Yeah, but on the flip side, she’d known Elliot Dinsmoore all her life. Could she help it if, during the brief time they’d both moved away from their hometown, the charming traveling insurance salesman had gotten married—and conveniently forgot to tell her during their whirlwind romance that he still was married?
Shameful heat crept up her cheeks at the memory of the horrific day he’d told her his news. The day she’d given him not only her virginity, but her heart. Even now, almost two months after the fact, she knew that if her perfect family, none of whom had ever done a bad, stupid or reckless thing in their lives, found out she was pregnant with a married man’s baby, they’d never forgive her.
Well, she thought, throwing her shoulders back at the same time she opened the mirrored-glass chapel door, this was one time she was doing exactly the right thing. After being dumped by Elliot, she feared she’d never find a father for her baby, but after only a few weeks of online chatting with Dallas, she’d known everything would work out fine.

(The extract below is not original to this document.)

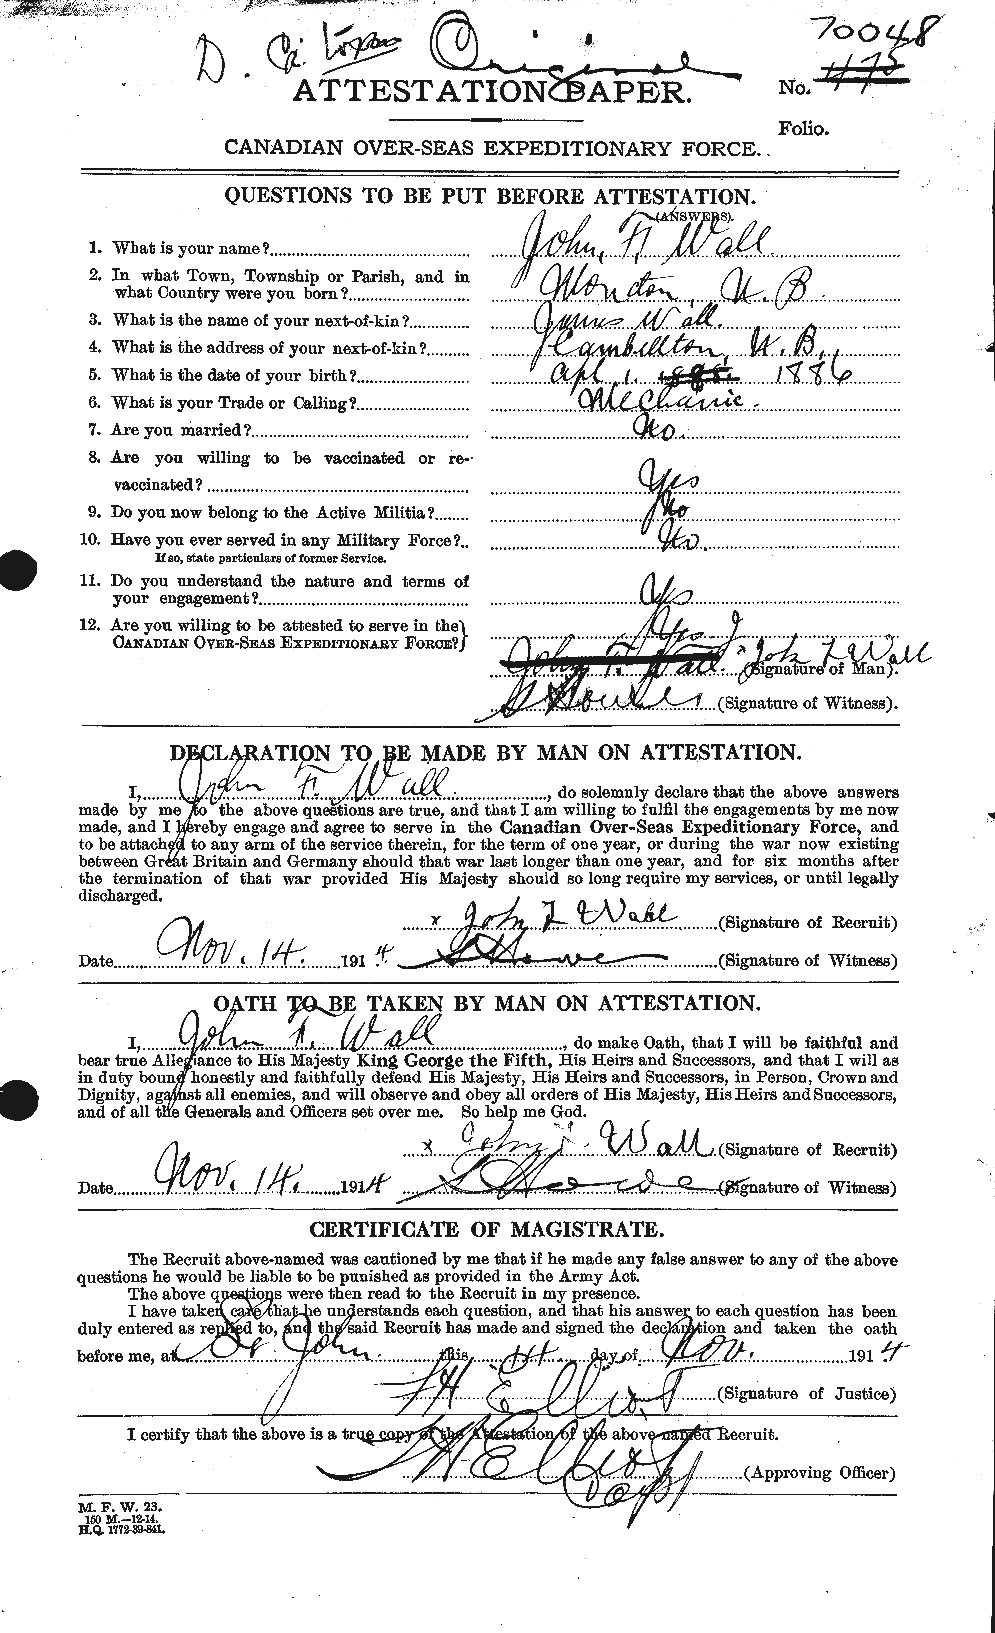 Personnel Records of the First World War - CEF 650259a

From her first sight of his out of focus—yet still cute in a blurry way—online picture, to the way he promised to be a good dad if she promised to be a good hostess, she’d known theirs would be a lasting relationship. A relationship no one ever need know wasn’t based on love.

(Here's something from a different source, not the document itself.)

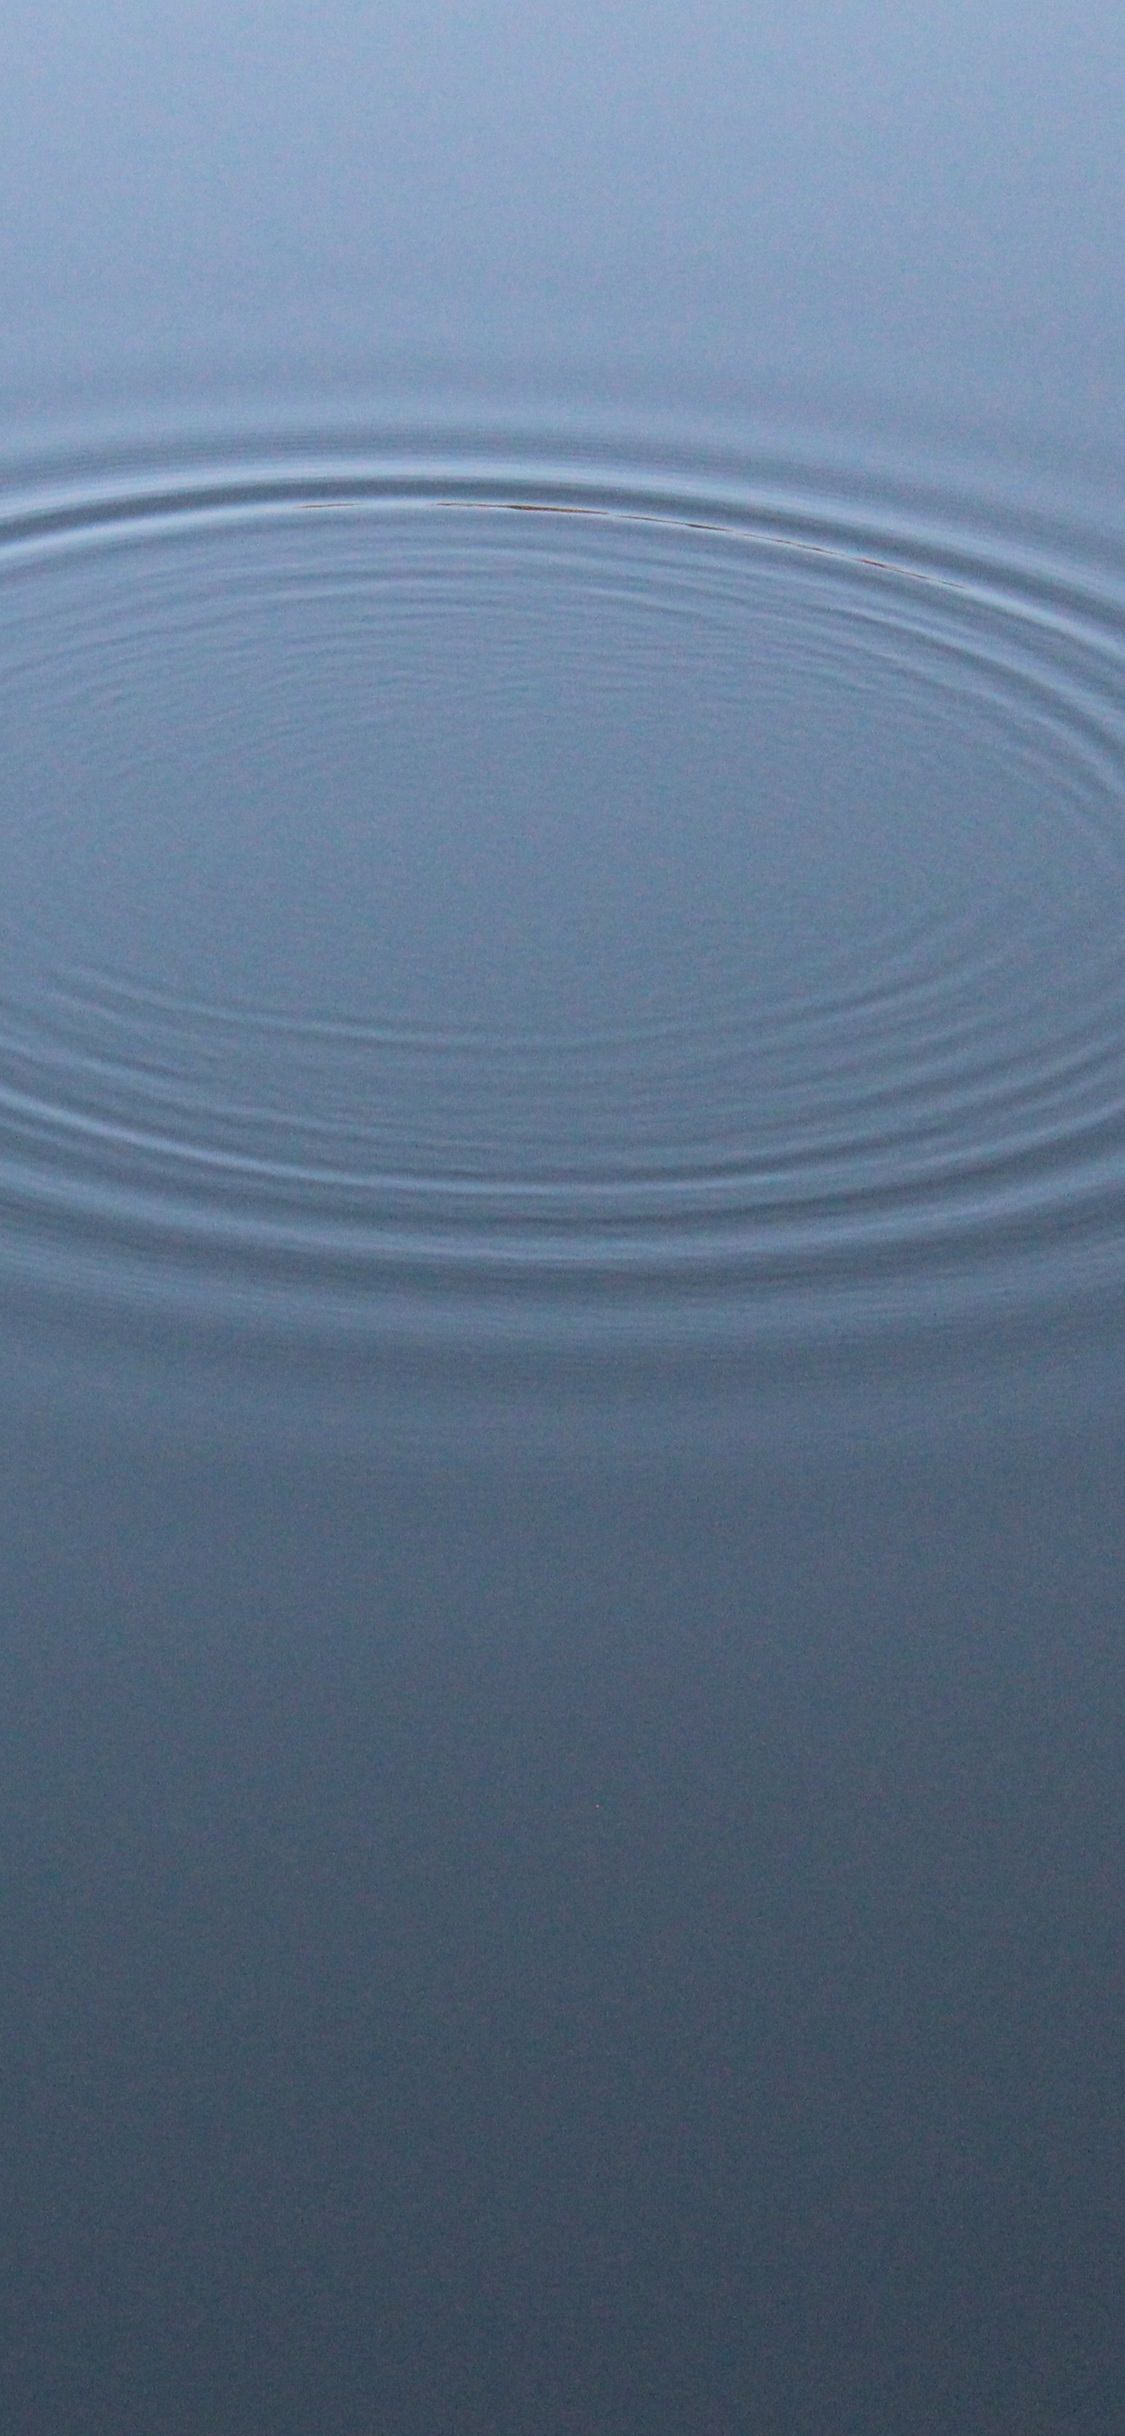 Ripple Ios 6 Wallpaper For iPhone X Blue, Download

All her adult life, her family had urged her to go to college, to find a real job, yet all she could ever remember wanting to do was raise a big brood of kids—just like her own mom. Lilly dreamed of ruling a rambling Victorian home alongside a loving husband, raising not award-winning kids, but rambunctious kids who got into as many jams as she had growing up.
And just think, finally, within a matter of mere minutes, all those dreams would be well on their way to coming true—well, all of them except for the Victorian house and loving husband, but then Lilly glanced over her shoulder just as Dallas stumbled across the threshold from concrete to red-hot-red shag carpet. Even tripping over his own feet, the man was criminally handsome—maybe even more so now that she’d seen he wasn’t perfect, either!
He flashed her a smile of strong white teeth, making her tummy flip-flop. Wow. There may never be love in their future, but if he kept that up, at least on her part there was starting to be a disconcerting amount of attraction.